V
В комнату вошел хозяин дома, в старом пальто поверх жилета, со стаканом чаю в руке. Он остановился и с недоумением взглянул на посетителя, точно ожидал кого-то другого. Действительно, когда он три дня тому назад получил письмо с просьбой о разрешении побывать у него по делу, ему почему-то показалось, что Черняков кто-то другой. Теперь он вдобавок забыл фамилию человека, которому назначил свидание, и совершенно не знал, кто это такой. «Кажется, кто-то скучный?» Приятных людей для него давно больше не было (разве два-три человека в мире); но этот был как будто не слишком неприятный.
— Очень рад, — сказал он негромким глуховатым голосом, который тотчас привлекал внимание. — Прошу покорно садиться. Чаю не угодно ли?
Михаил Яковлевич поспешил напомнить, кто он. Он ждал, что хозяин скажет: «Помилуйте! Разумеется, я вас отлично знаю». Однако хозяин этого не сказал, — только повторил «прошу покорно садиться», сам сел на стул у письменного стола и тотчас раздраженно спрятал в ящик свой расписанный лист, как будто догадавшись, что гость в него заглянул. Затем он вынул из картонной коробки очень толстую гильзу и молча стал ее набивать, чуть опустив голову и глядя исподлобья на гостя небольшими, светло-карими, усталыми, недобрыми глазами, — точно он ожидал, какое еще будет скучное и неприятное дело.

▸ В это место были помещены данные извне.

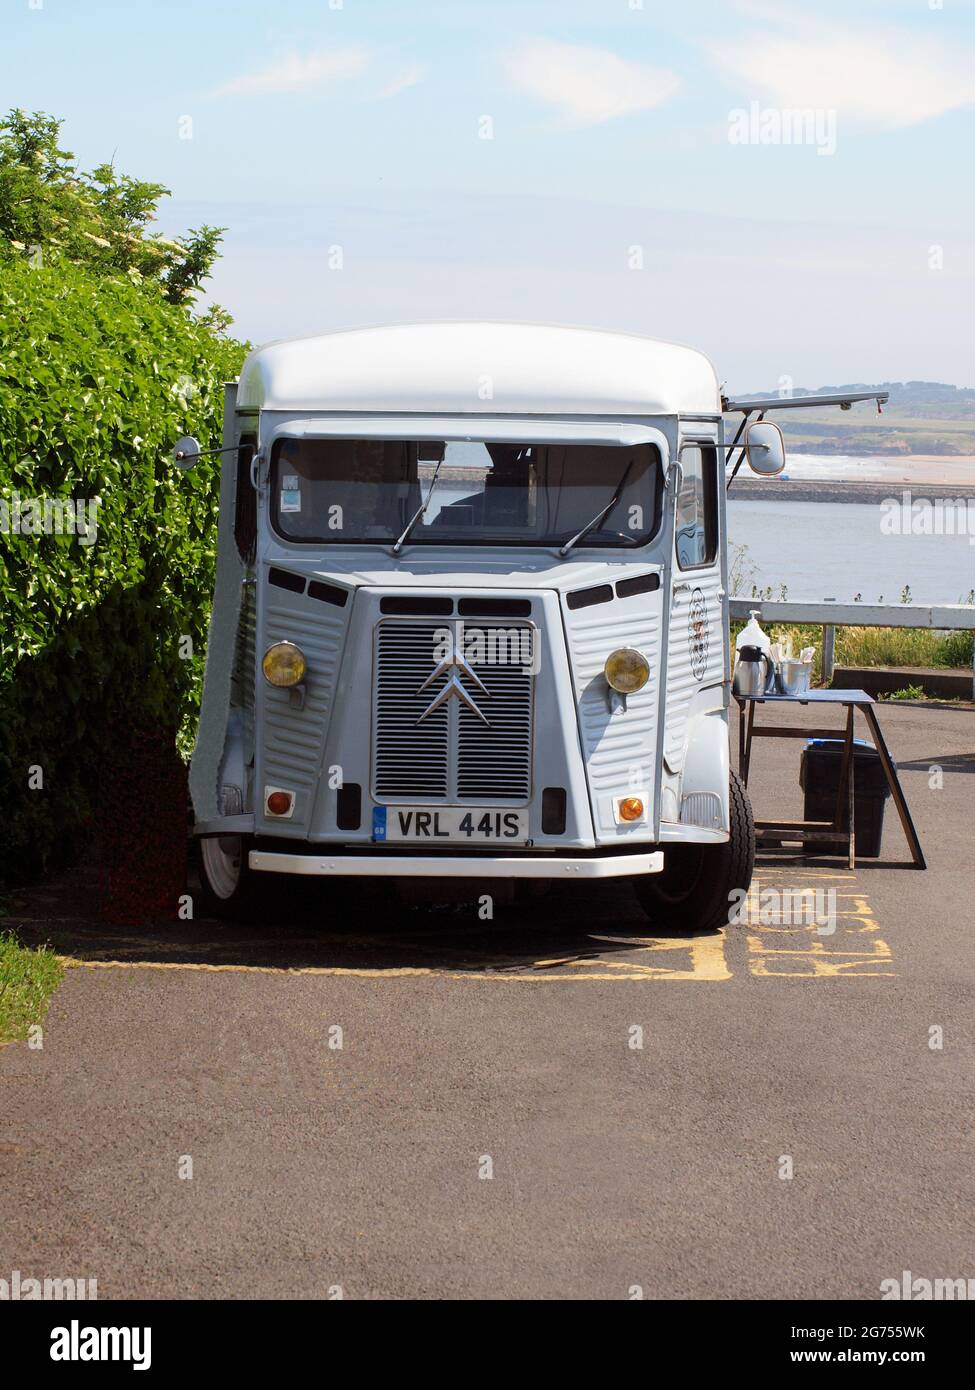 A vintage Citroen H.Y. four door pane light commercial van selling hot and cold food beverages at a Tynemouth seaside location in the UK. Stock Photo
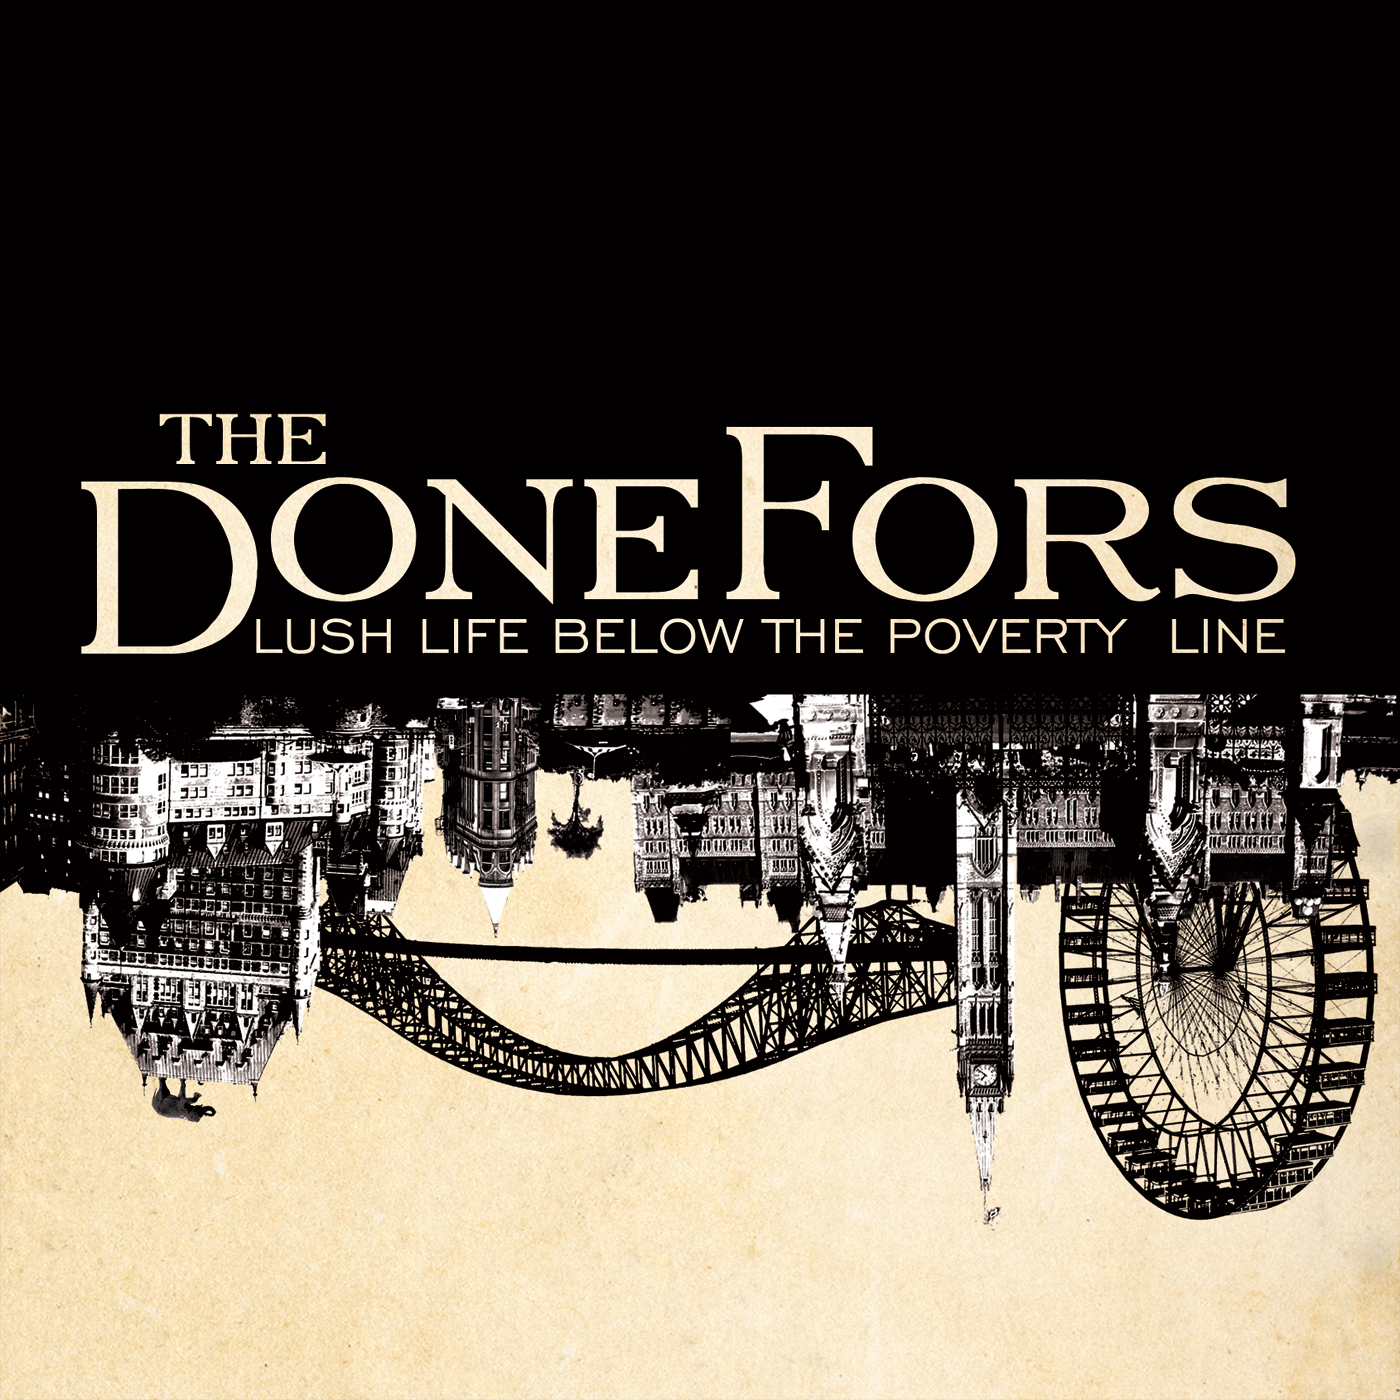 The DoneFors - Lush Life Below the Poverty Line

К собственному своему удивлению, Михаил Яковлевич изложил свое дело сбивчиво; где-то даже прилагательное было не согласовано с существительным. Главной причиной столь ему непривычного смущения был теперь именно упорный, сбоку на него направленный взгляд этих маленьких странных глаз. Черняков что-то читал об особом, будто бы сверлящем, взгляде каких-то знаменитых писателей; его учитель профессор Гнейст говорил ему, что Гете орлиным взором видел с первого взгляда человека насквозь: это Гнейст слышал от другого профессора, который слышал это от Эккермана. Черняков встречался со многими известными писателями и не замечал, чтобы они орлиным взором пронзали насквозь людей. Однако, Михаил Яковлевич признавал Достоевского знатоком человеческой души в ее взлетах и падениях не только потому, что читал об этом в каком-то журнале. «Записки из Мертвого дома» действительно чрезвычайно ему нравились; он не раз на них ссылался в своих университетских и публичных лекциях, как впрочем и многие другие профессора, особенно криминалисты. Нравилось ему и то, что у Достоевского все выходит так затейливо. «Вдруг к какой-нибудь этакой блуднице нагрянет в дом сразу человек тридцать, и князь при тридцати чужих непрошенных гостях сделает предложение, а блудница тут же бросит в камин сто тысяч рублей и велит корыстолюбцу их вытащить и взять себе, а когда корыстолюбец откажется, подарит ему эти сто тысяч, а он их из гордости вернет. Или ввалится в дом шайка радикалов, чтобы шантажировать, тоже при толпе гостей, хорошего, ни в чем неповинного человека уже напечатанной ими о нем пасквильной статьей, а он, по своей доброте, даст шайке десять тысяч, а главный шантажист сначала скажет, что мало, а потом по гордости от всего откажется, и тут же с шантажистами и с гостями начнется разговор о Христе и о частных интимных делах, причем все у всех будут читать в душе как в открытой книге, и потом исступленно с ненавистью друг на друга завопят… Мастер, мастер сочинять, — думал испуганно Михаил Яковлевич. — Это уж у него непременно: люди говорят о божественном и подслушивают у чужих дверей. Я вот о божественном мало говорю, но зато и у дверей никогда не подслушиваю… Если он потребует, чтобы я сжег сто тысяч, то я не сожгу, да у меня с собой только четвертная. И камина здесь, слава Богу, нет, у нас везде больше печи… Ох, лицо у него — жуть!..»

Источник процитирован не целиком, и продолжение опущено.